__Supplied records__.
══════════════════════════════

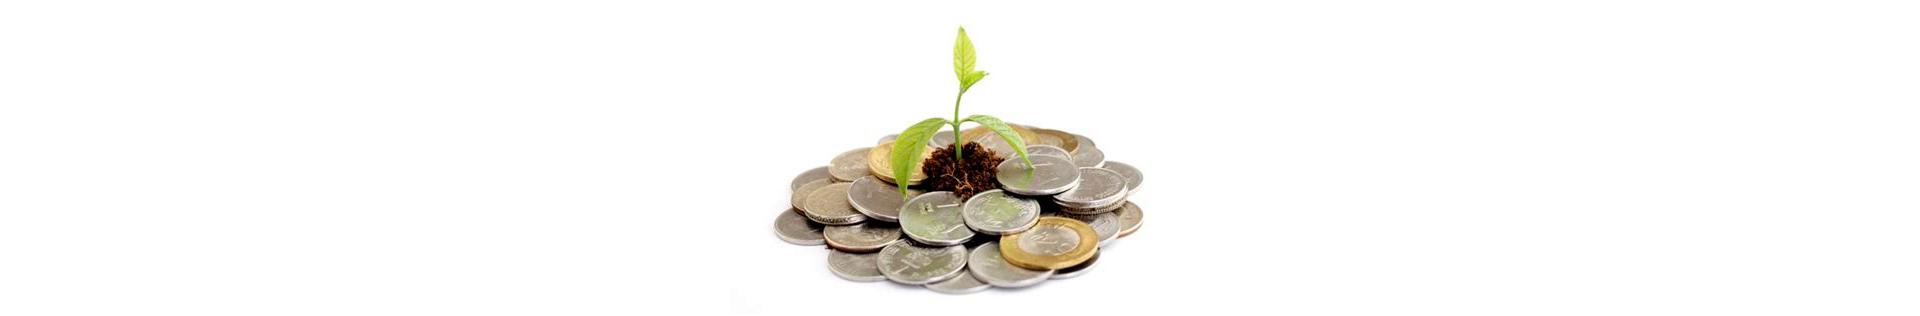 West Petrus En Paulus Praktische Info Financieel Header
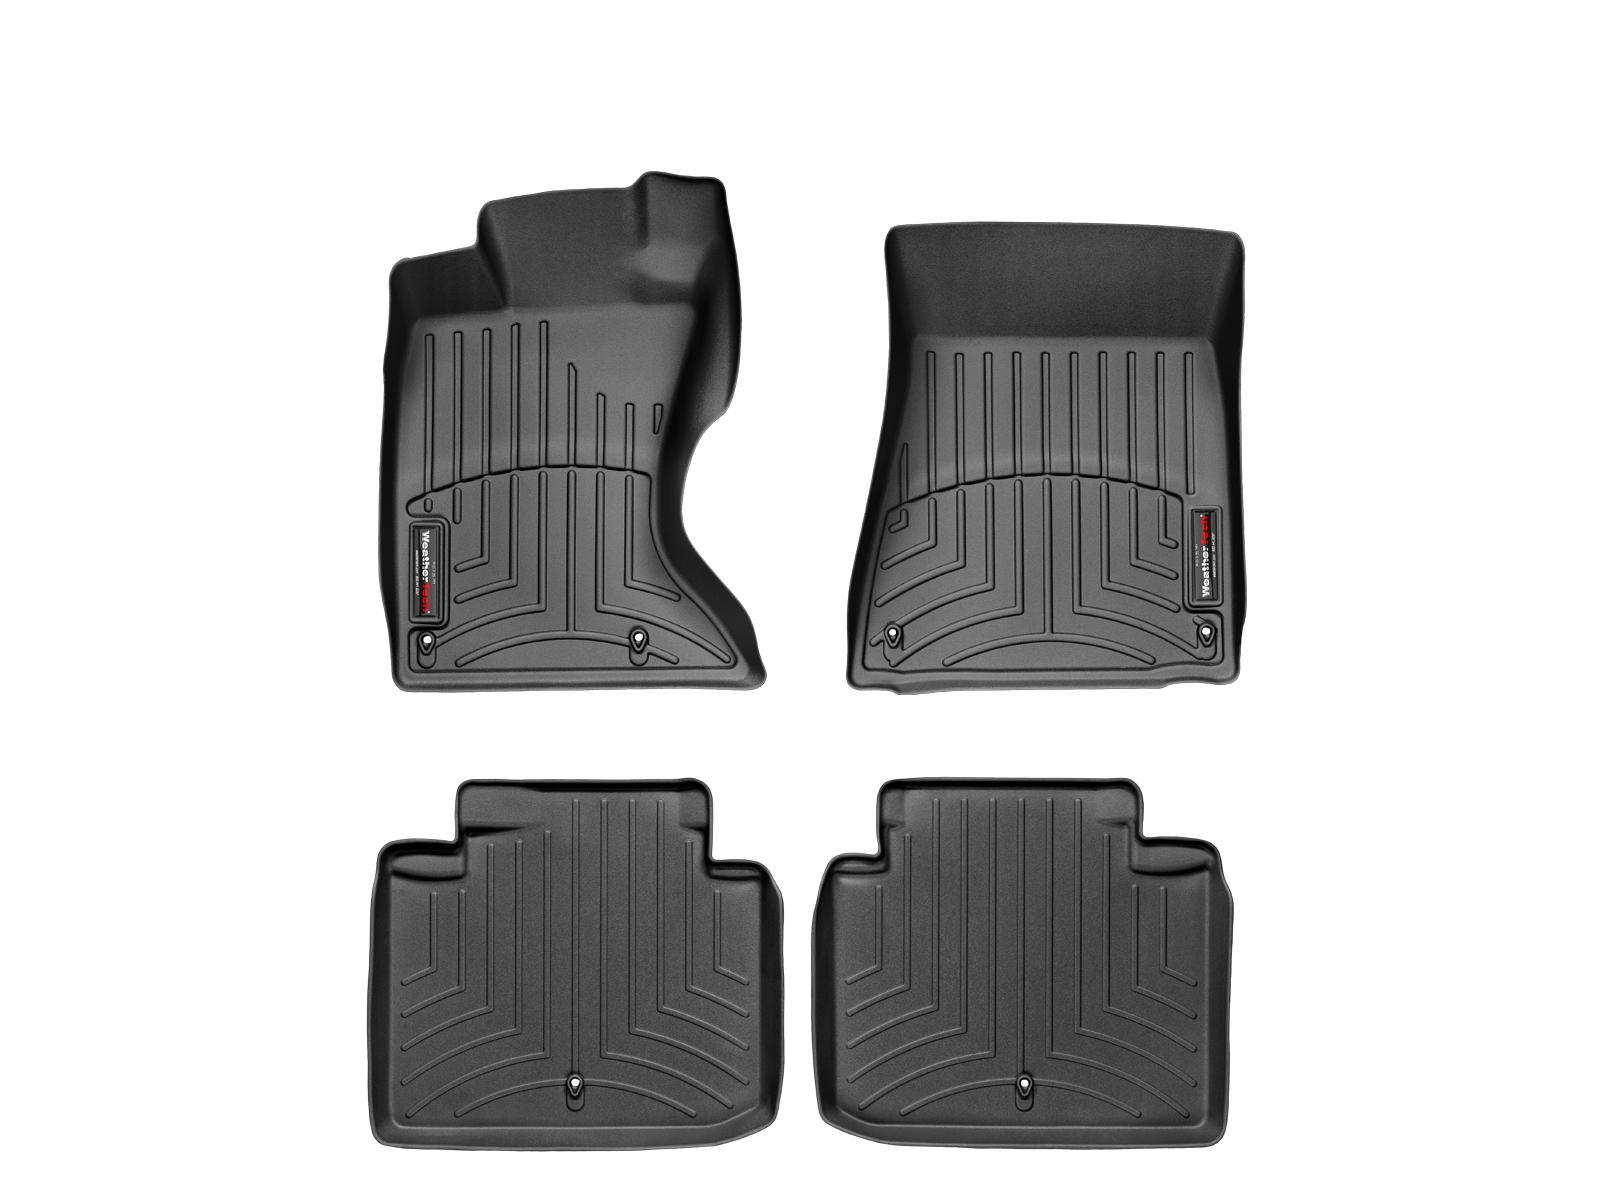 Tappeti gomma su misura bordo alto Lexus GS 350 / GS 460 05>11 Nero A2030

══════════════════════════════

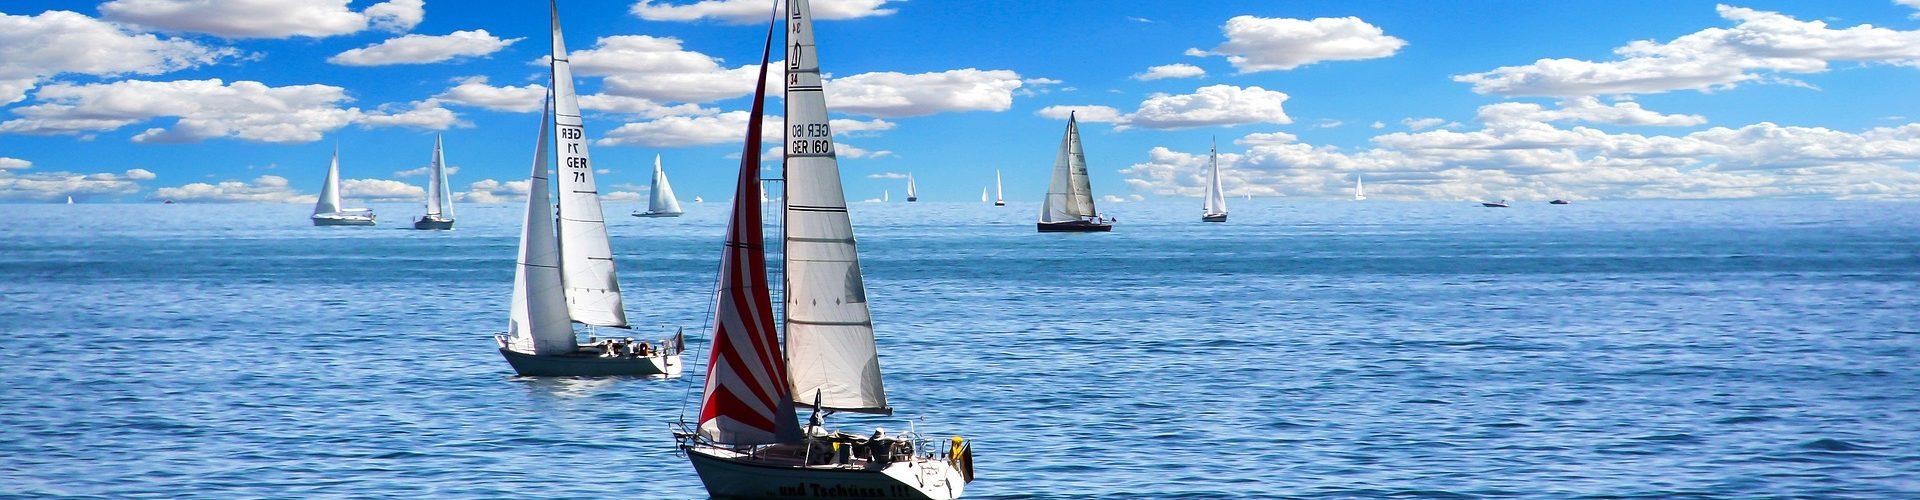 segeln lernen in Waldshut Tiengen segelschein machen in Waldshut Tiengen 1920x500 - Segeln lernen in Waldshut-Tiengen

══════════════════════════════

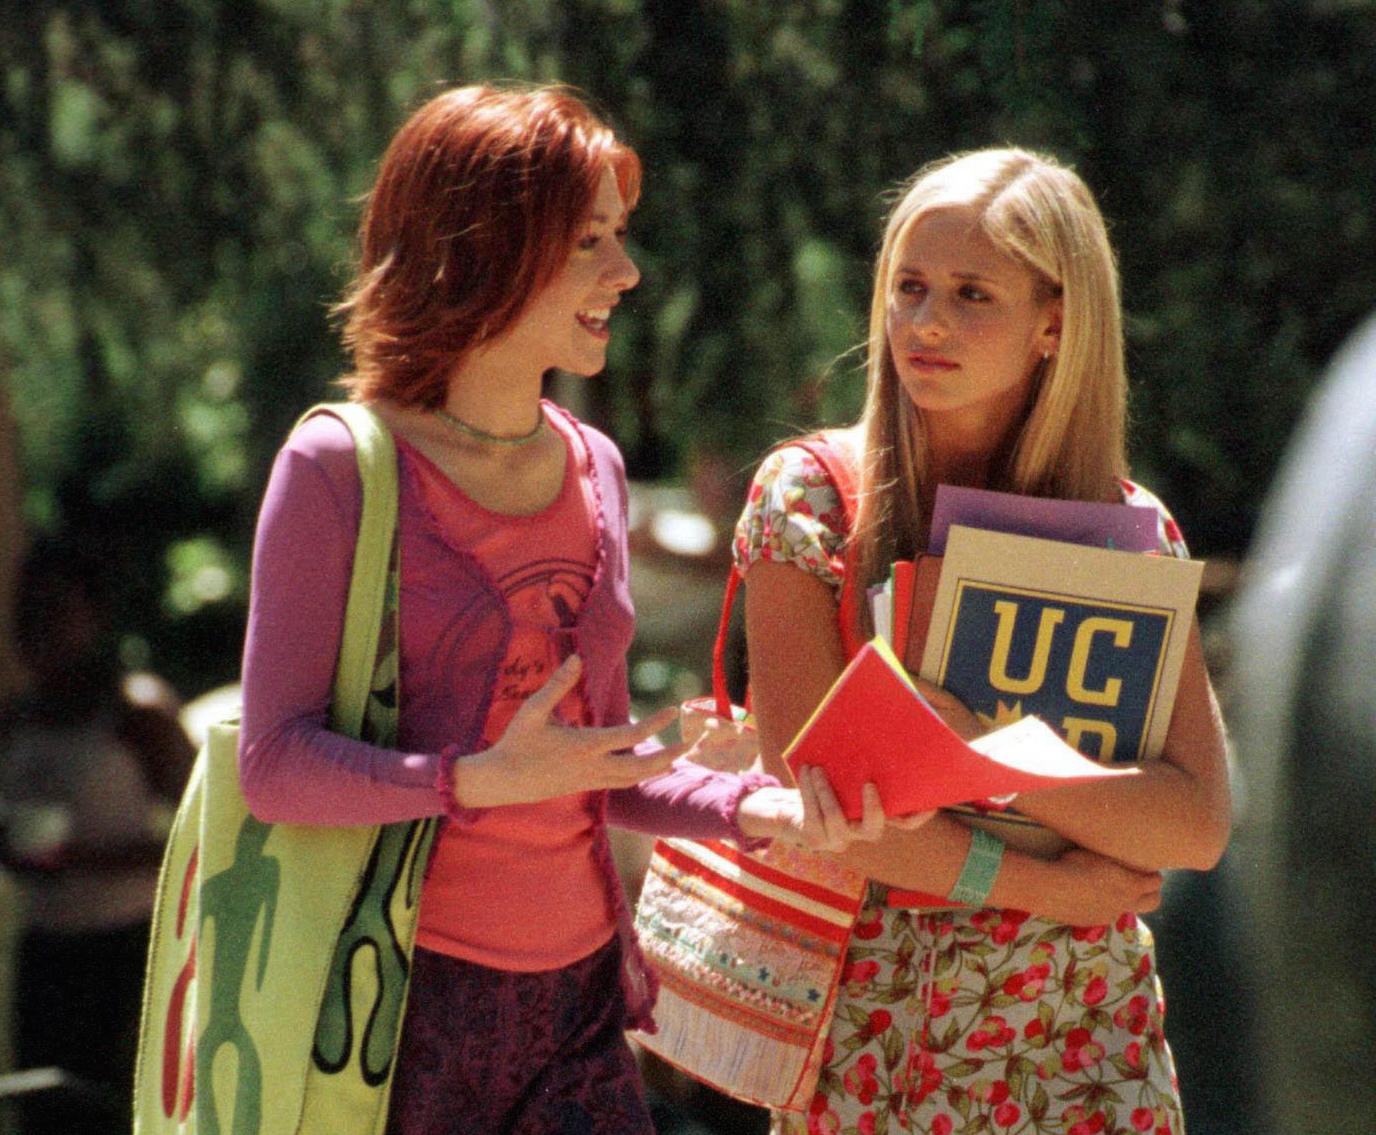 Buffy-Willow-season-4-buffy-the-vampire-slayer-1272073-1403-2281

══════════════════════════════

__Description of the task__. Everything from the line with "West Petrus En" through the line with "Tappeti gomma su" in the material above should be transcribed exactly, except the pictures.

__Answer to this problem__.
 West Petrus En Paulus Praktische Info Financieel Header
 Tappeti gomma su misura bordo alto Lexus GS 350 / GS 460 05>11 Nero A2030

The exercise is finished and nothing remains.